For the Danes, it must have felt like facing an extra man. The centre-forward Issam Jebali had a shot blocked and then, in the 11th minute, there was a more serious scare when Mohamed Drager’s 20-yard drive snicked off Andreas Christensen and spun a foot wide. Kasper Schmeichel was rooted; the exhalation of disappointment behind him was louder than some goal celebrations.
Denmark could not establish any rhythm. They needed to slow the game down and managed to do so for a spell, the hitherto bypassed Eriksen seeing some possession and causing brief alarm with a teasing free-kick from the right.
The intensity, though, still stemmed from Tunisia.
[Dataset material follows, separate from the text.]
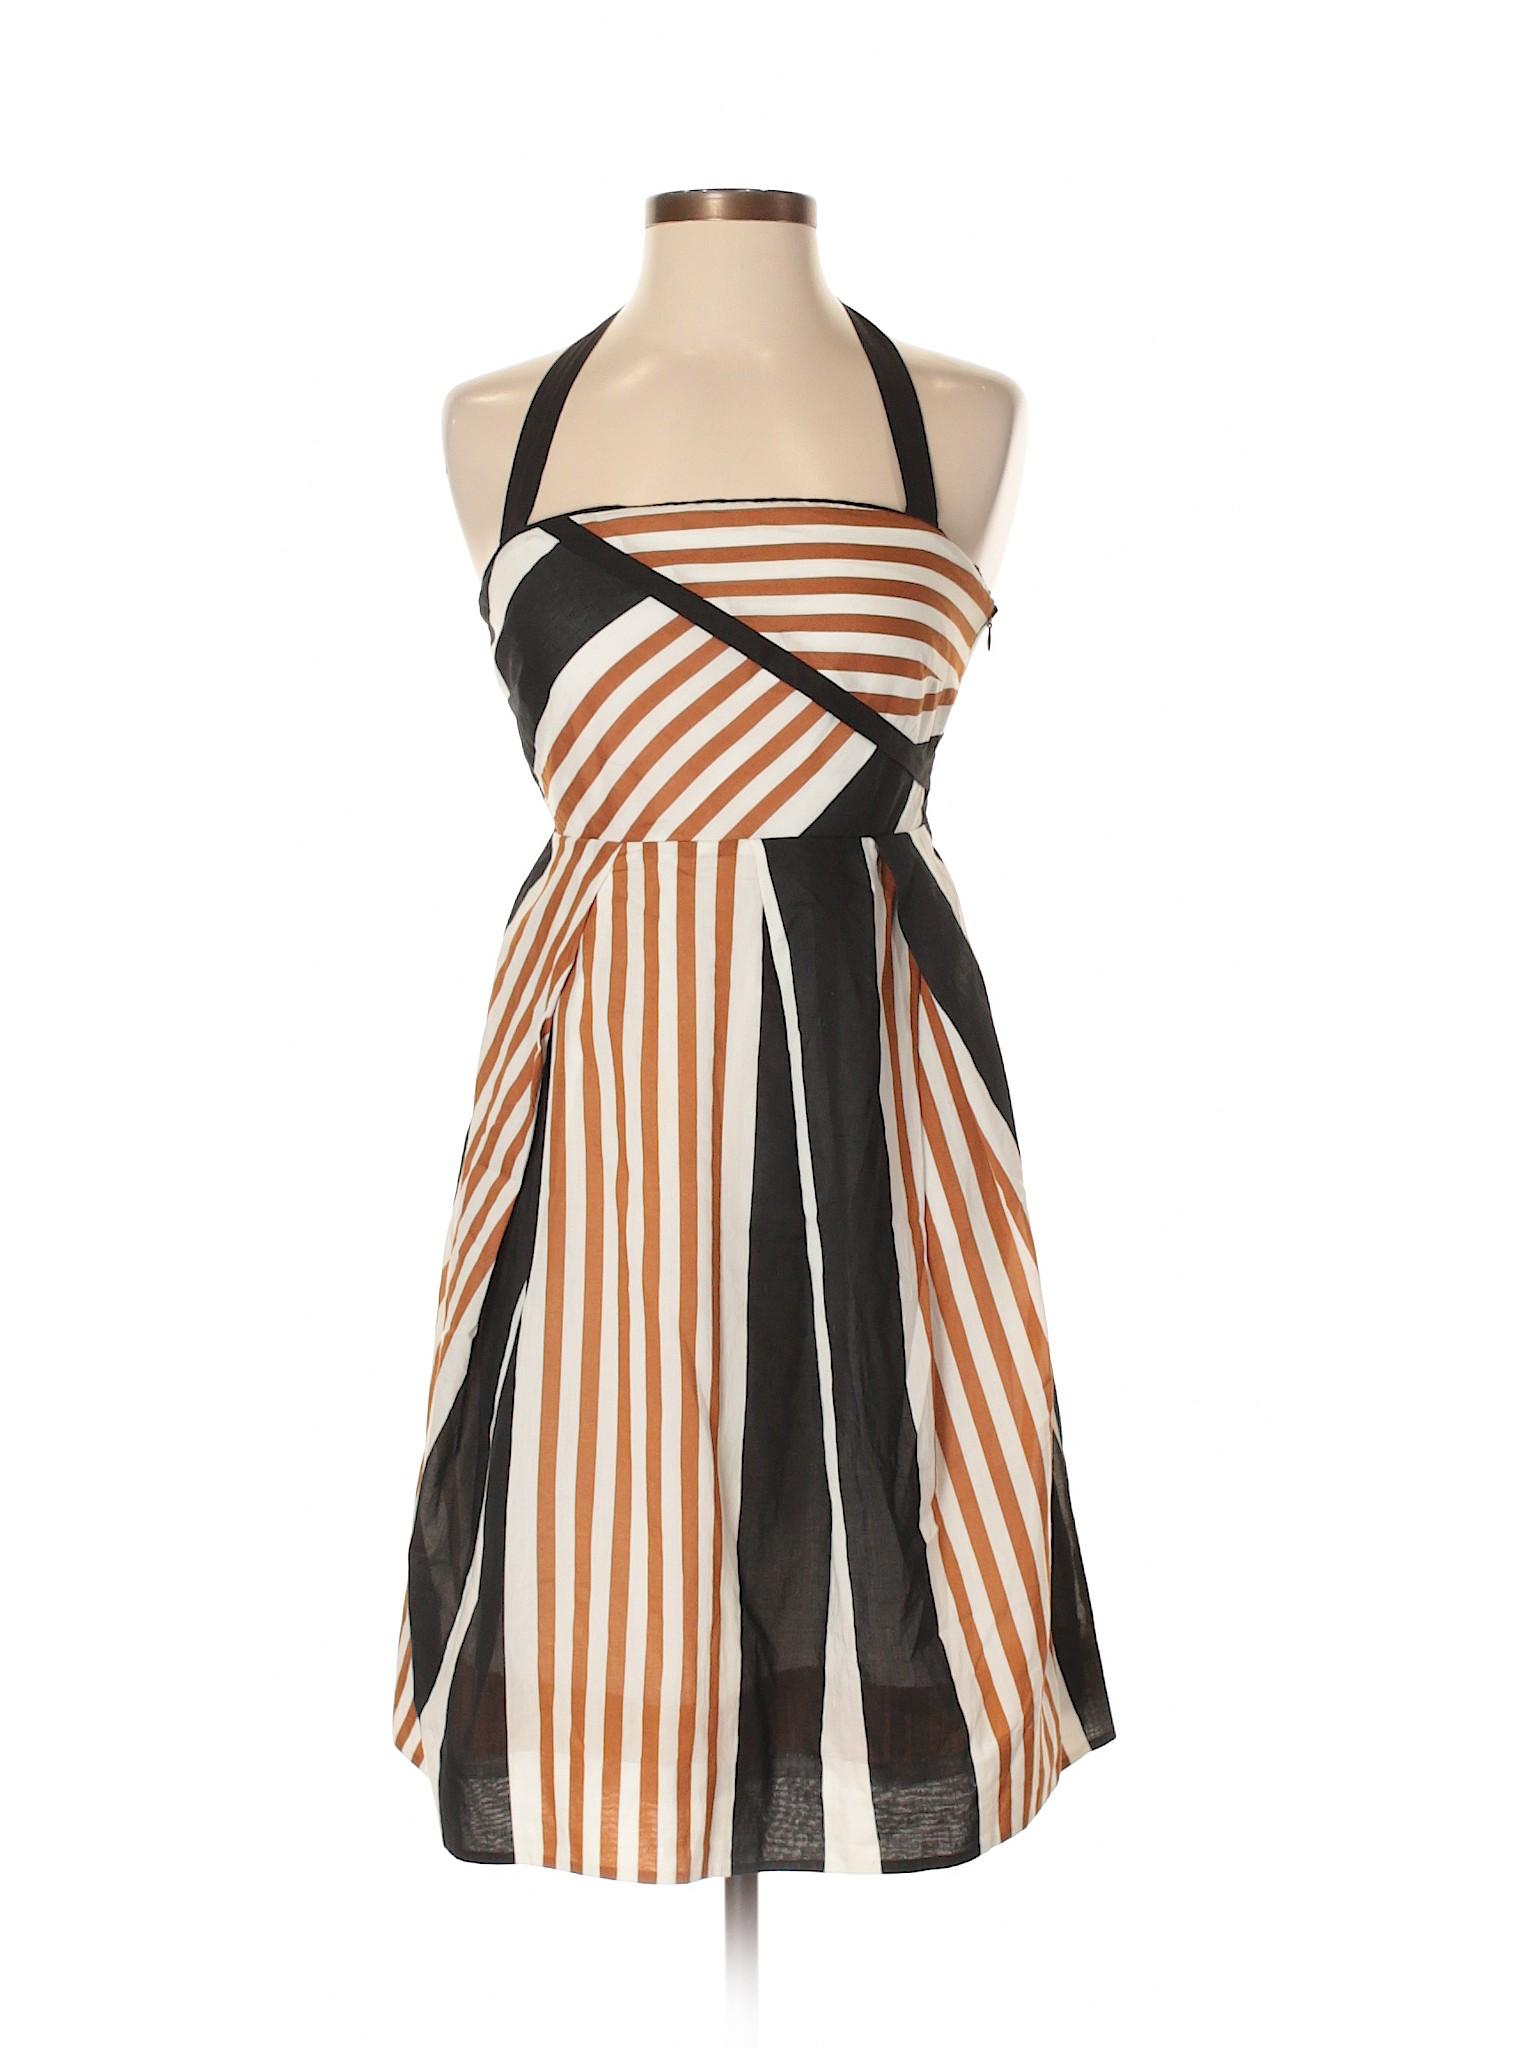 Moulinette Casual Selling Soeurs Soeurs Selling Casual Dress Dress Moulinette Selling OUpRxw77q

They had found an effective balance between defence and attack, picking their moments to press, and briefly thought it had borne fruit when Jebali ran through before beating Schmeichel. He had strayed offside but Drager had no such issues when, after a magical run in midfield from Youssef Msakni, a shooting chance beckoned. A recovery tackle from Pierre-Emile Højbjerg saved Denmark but they were living on their nerves.
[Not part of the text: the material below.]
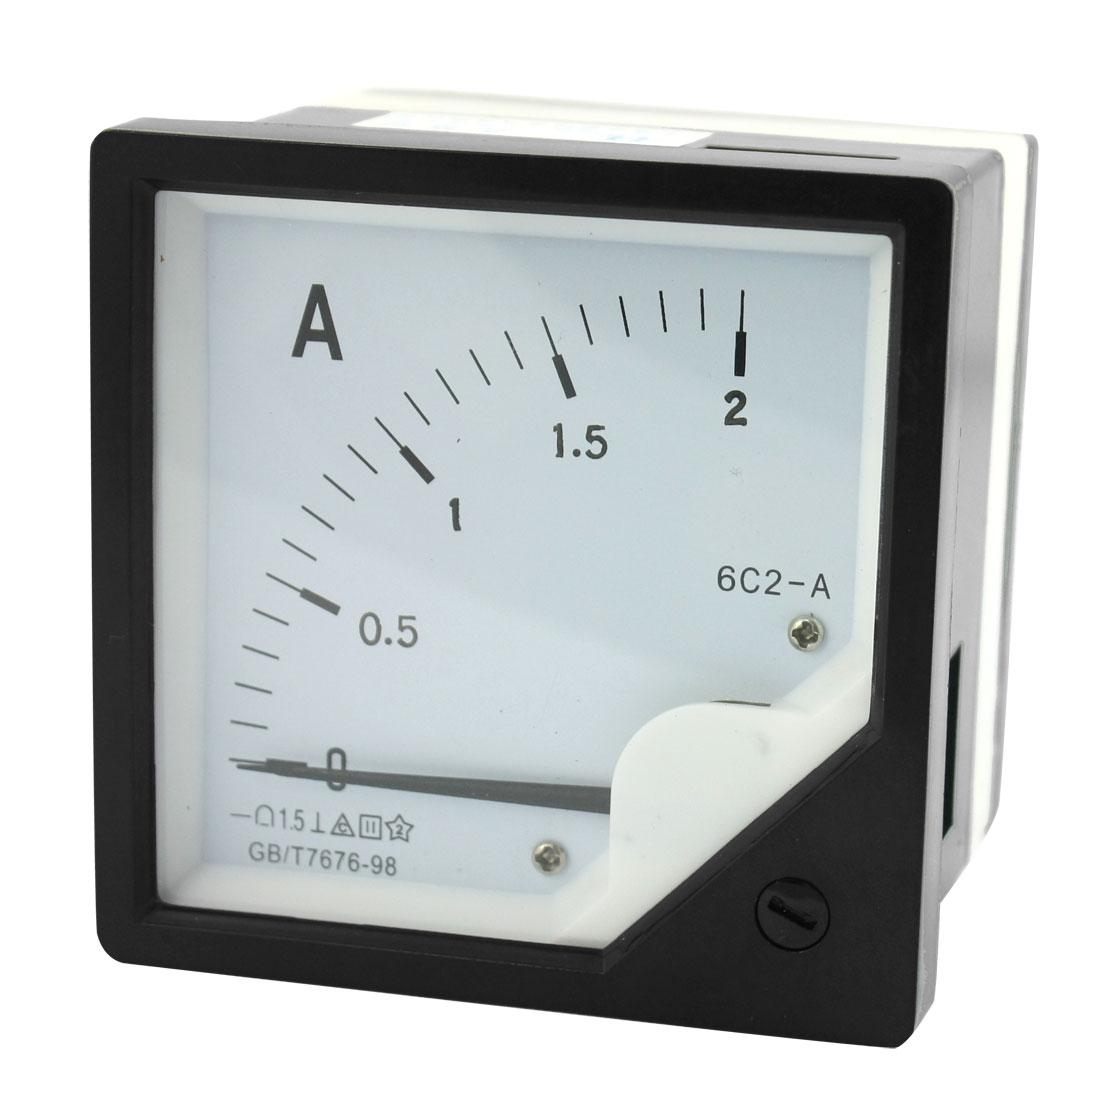 DC 0-2A Measuring Range Class 1.5 Current Testing Rectangle Plastic Panel Analog Meter Amperemeter 6C2

Laidouni blazed wide after a half-cleared corner and, although space occasionally presented itself down the flanks, Denmark offered little before half time beyond a centre from Andreas Skov Olsen that just evaded Højbjerg. The biggest let-off of all came in the 42nd minute when Jebali, anticipating a mishit shot from Msakni, attempted to dink over Schmeichel but was foiled by a brilliant tip wide.
Had he scored, VAR might have determined his lower arm was offside although there is no guarantee. An enforced change saw Thomas Delaney, Denmark’s powerhouse midfielder, replaced by Mikkel Damsgaard after the effects of a fall. Eriksen moved into a deeper role and the ambition was that, after the interval, he might finally secure them a foothold.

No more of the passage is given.